Insieme al protagonista di “Certo che sì!”, pubblicato da Elliot Edizioni e tradotto da Chetro De Carolis, proviamo a fare un esperimento.

Celebriamo la parola scritta ma per riuscire nell’impresa dobbiamo avere il coraggio di lasciare fuori tutto.

Entrare in una dimensione parallela dove il sentimento viene evocato, trasfigurato, ripulito dalle scorie del quotidiano.

“È la storia di un uomo che si separa da una donna per consacrarle un libro.

È la storia di un uomo che sa che un giorno dovrà scegliere tra la letteratura e la vita.

È la storia di un uomo che ha scelto la letteratura.

Per celebrare una donna.

E la vita.”

Nient’altro che scrivere.

Ma cosa è la scrittura?

Una sublimazione dell’amore?

Scegliere di lasciare Clarisse, colei con la quale ha condiviso “tredici o quattordici anni”, significa sacrificare se stesso, escludere la gestualità.

Farsi desiderio e passione.

Immergersi nella solitudine dell’anima e provare a mettere su carta la purezza del vincolo affettivo.

“E dunque, poichè lo sguardo che si porta su quanto si è vissuto evolve: fissare il momento prima che la sua percezione si alteri col tempo.”

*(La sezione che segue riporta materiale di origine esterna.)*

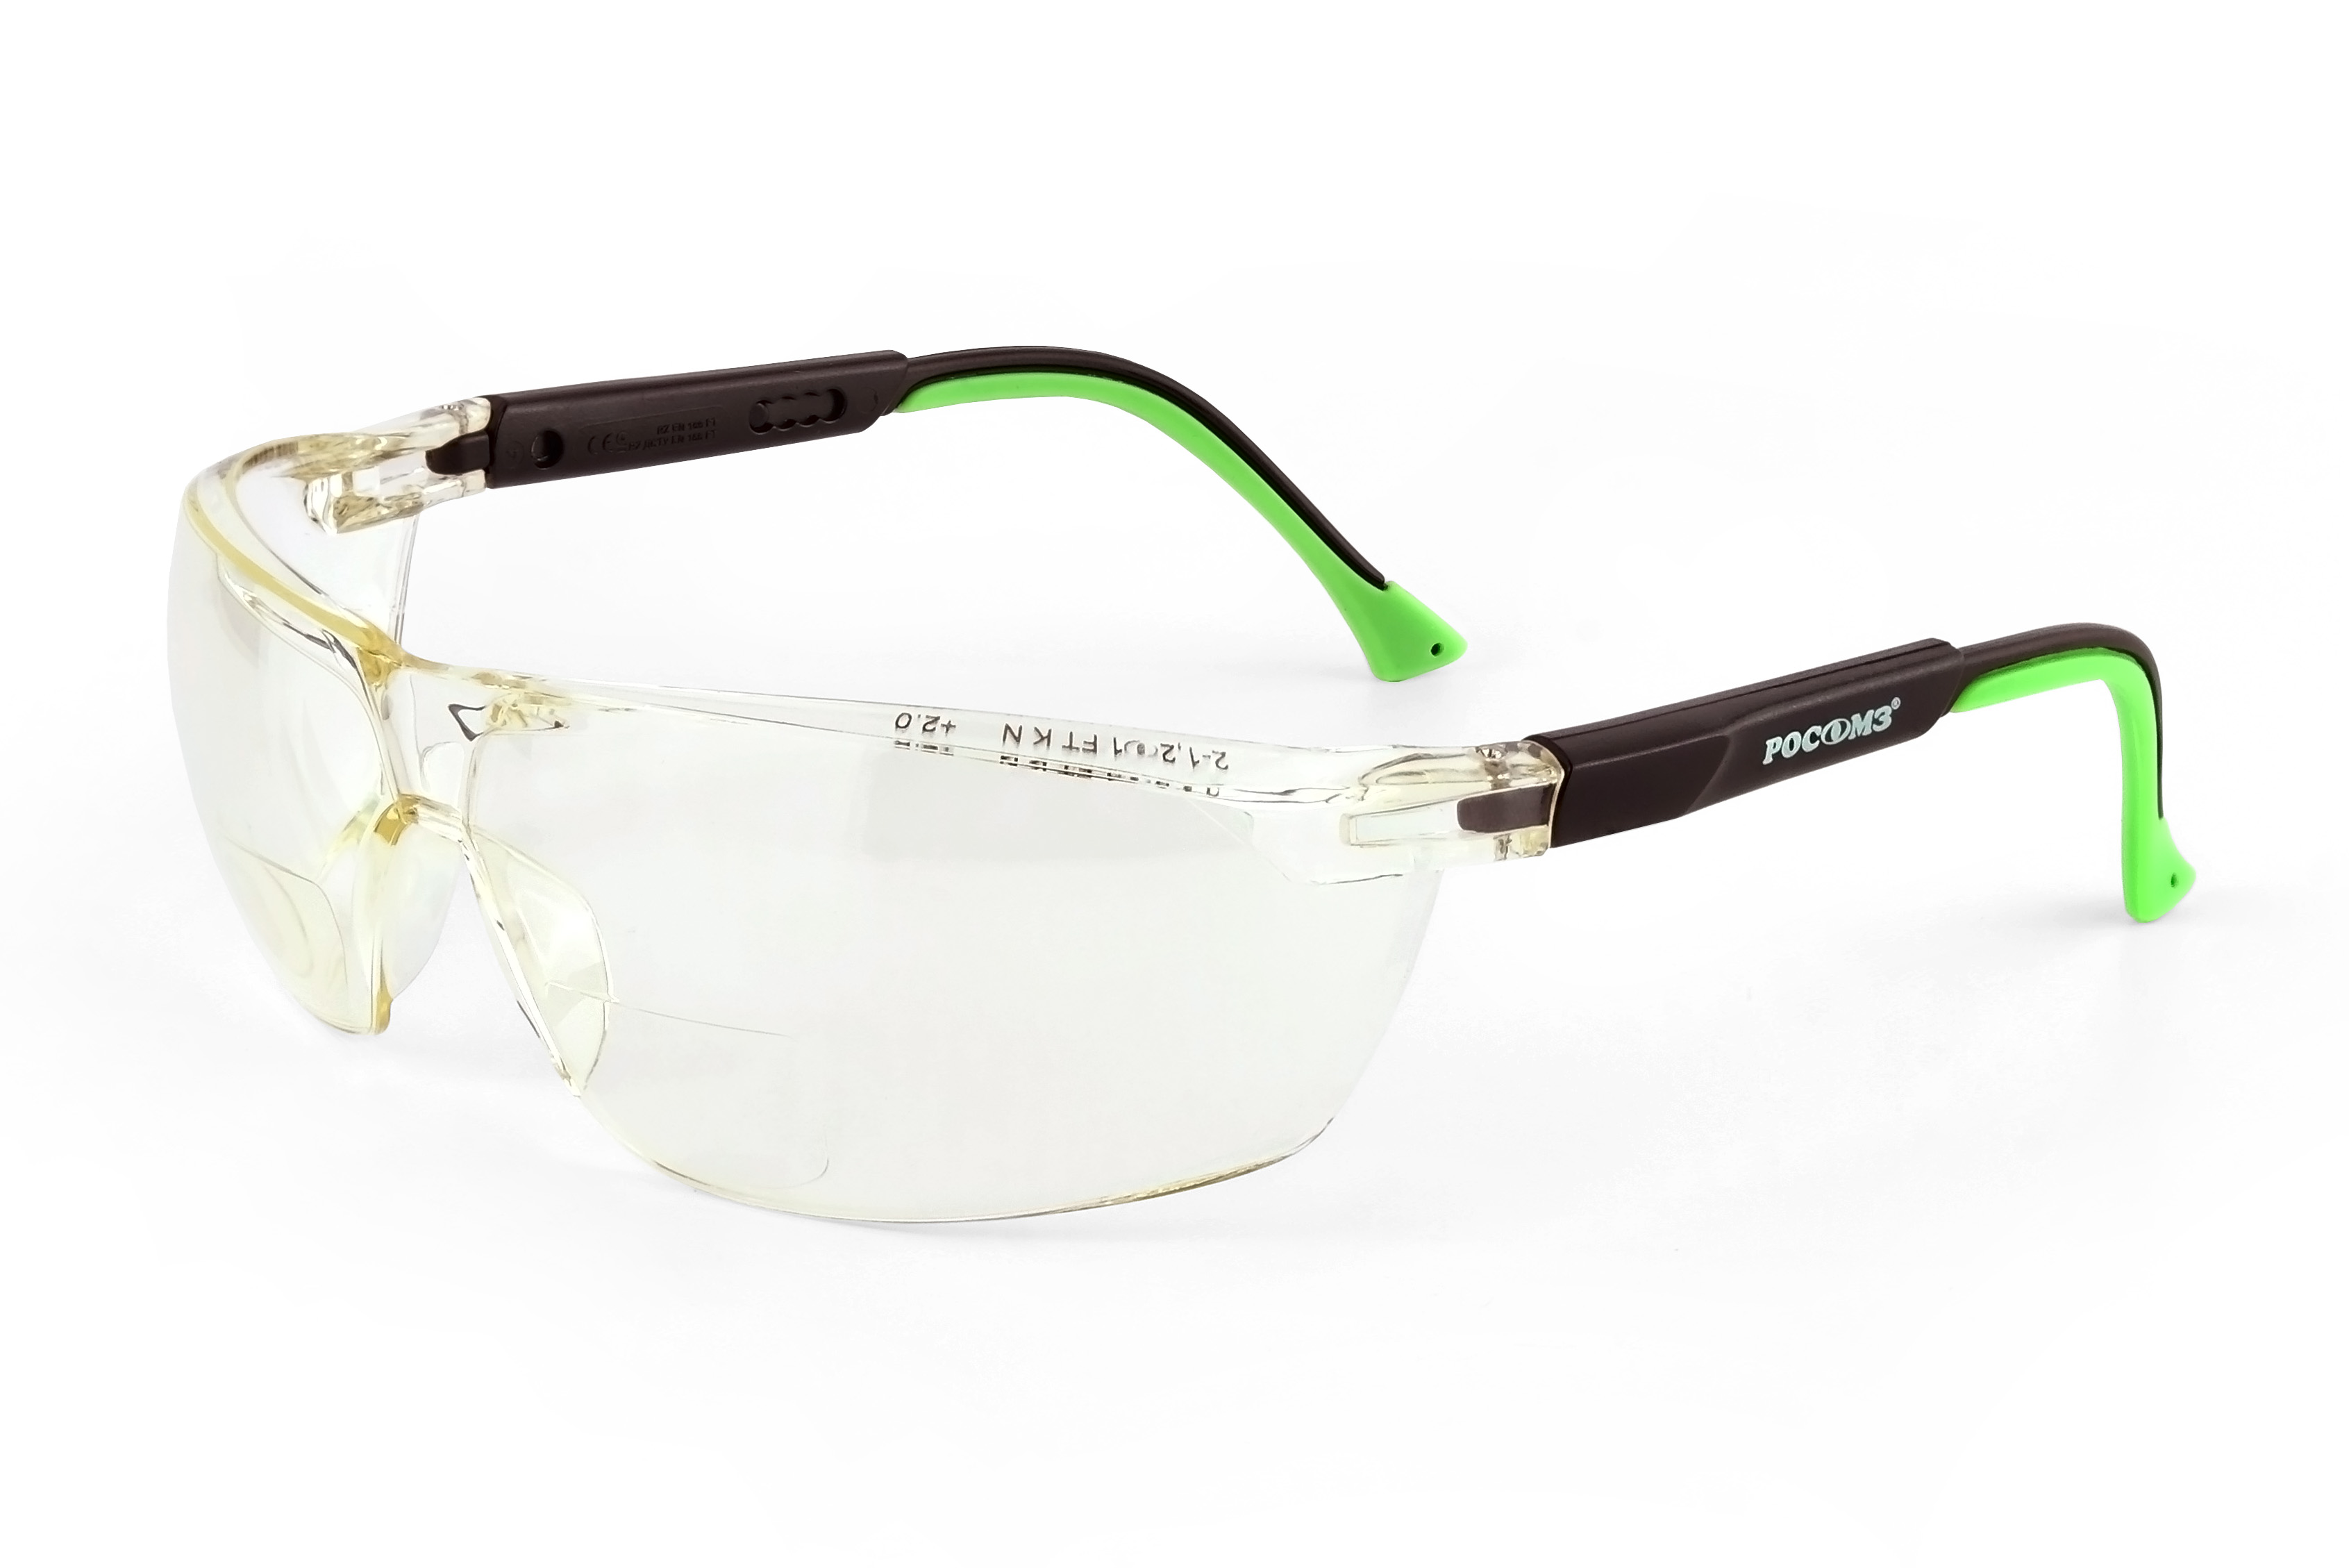 О78 АБСОЛЮТ plus Strong Glass (2-1,2 РС) очки защитные открытые (рефракция +2, 0 дптр)

La letteratura diventa “scuola di sopravvivenza” attingendo all’esempio di Balzac, Proust, Verlaine.

Ed ecco che i frammenti dei loro scritti diventano palpitanti, entrano nella trama da protagonisti.

Raccontano la relazione tra corpo e spirito, permettono di comprendere il mistero dell’esistenza.

Difficile definire questo testo meraviglioso.

Un saggio, un’antologia, una sperimentazione.

“La scrittura di questo libro è possibile solo se non si crede all’impermeabilità tra i libri e la vita.

Se si crede che hanno qualcosa a che vedere.”

L’affermazione di Flaubert rappresenta perfettamente la poetica dello scrittore.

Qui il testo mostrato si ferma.